The Kingdom of Spain v The London Steam-Ship Owners’ Mutual Insurance Association Limited
Вставка
- Опубліковано 18 лис 2024
- Tuesday 29 October - Wednesday 6 November 2024
The Kingdom of Spain v The London Steam-Ship Owners’ Mutual Insurance Association Limited
The French State v The London Steam-Ship Owners’ Mutual Insurance Association Ltd
Before The Master of the Rolls
Lady Justice Andrews
Lady Justice Falk
Issue: Whether the Judge was obliged to follow the judgment of the EJEC in circumstances where he took the view that the EJEC had acted ultra vires. Effect of Article 34 Brussels I.

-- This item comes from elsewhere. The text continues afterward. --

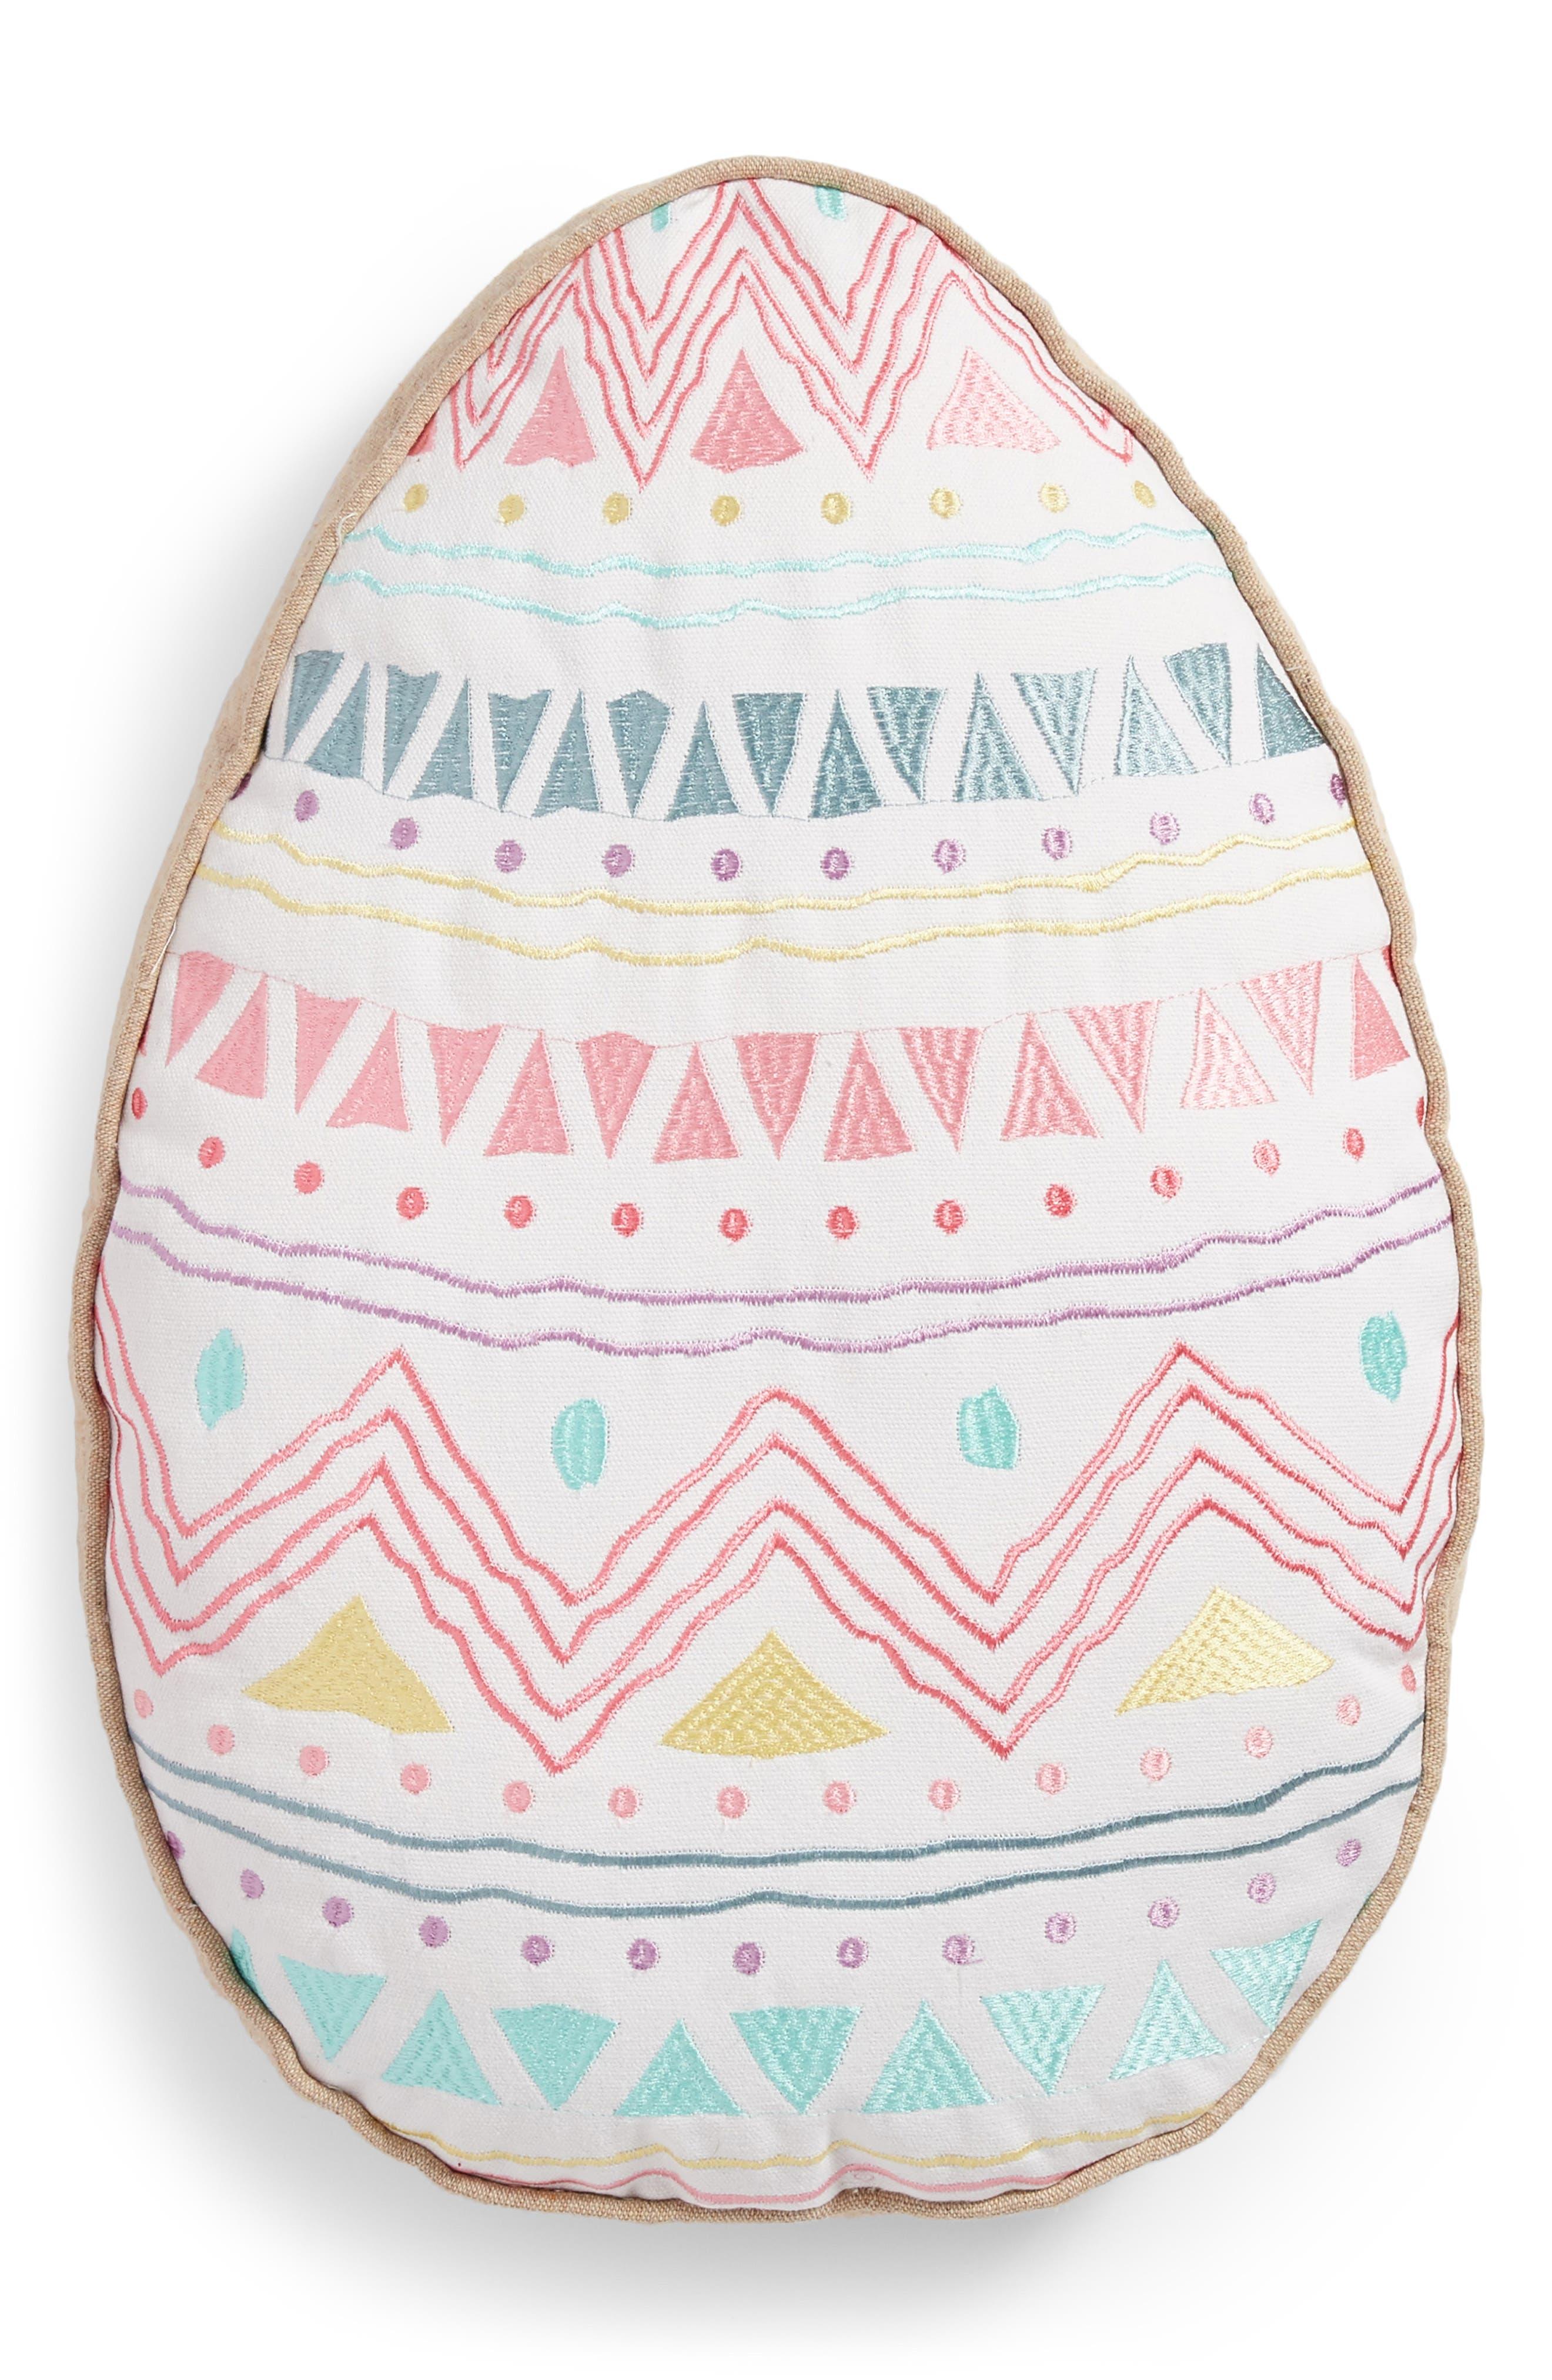 Egg Accent Pillow,                             Main thumbnail 1, color,                             100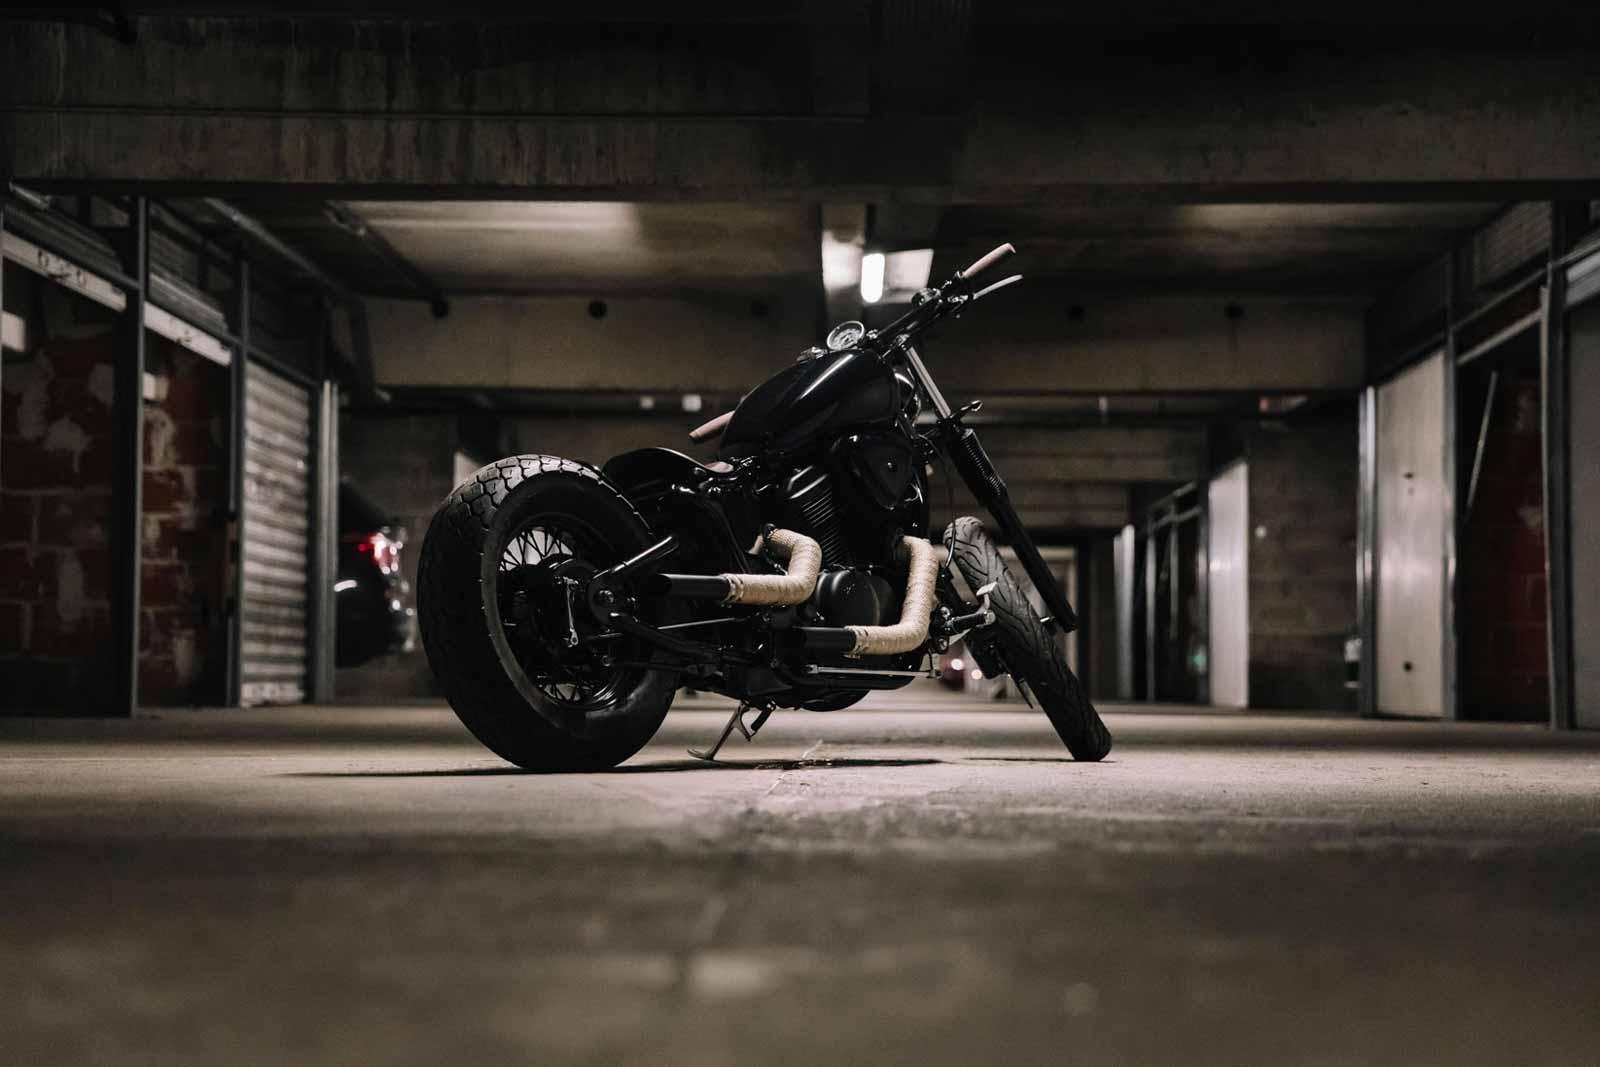 600 VT Shadow

The Case concerns the priority of Judgments and Awards made following a significant oil spill from the vessel MT Prestige in 2002. The Respondent P&I Club was the liability insurer for the Owners of the vessel.
The Club commenced arbitration proceedings before Mr Schaff KC. His award (“the Schaff Award”) granted declarations that:
(1) Spain was bound by the arbitration clause in the Club Rules to refer the non CLC civil claims brought by Spain to arbitration.
(2) That pursuant to the pay to be paid clause in the Club Rules, the Club was not liable in respect of such claims in the absence of prior payment by the Owners and/or Managers of the Vessel of the full amount of any insured liability.
(3) The Clubs liability should not exceed US$1 billion.
The Club applied to have the Schaff Award entered as a judgment of the court pursuant to s66 Arbitration Act and Spain applied to set the Schaff Award aside. Hamblen J dismissed Spain’s application and granted the Clubs Application (“the Hamblin Judgment”).
By a judgment dated 13 November 2013 (after the Hamblin Judgment) the Spanish Court of Appeal held that the Master, Owners and the Club had civil liability to Spain. (“the Spanish Judgment”). Spain applied to enforce the Spanish Judgment pursuant to Brussels I which resulted in the Order of Master Cook dated 28 May 2019. The Club appealed against the Order which was considered by Butcher J.
The Judge held that the Cook Order should be set aside on the basis that the Spanish Judgment was irreconcilable with the s66. Judgment, and that an issue estoppel had arisen out of the s.66 Judgment precluding Spain from relying on the provisions of Brussels I.
It was Spain’s case that the Judge was bound to find in favour of the Spanish Judgment as, on the true construction of Article 34(3) of Brussels I, the s66 Judgment was not a judgement and thus not capable of being an irreconcilable judgment which could prevent recognition of the Spanish Judgment.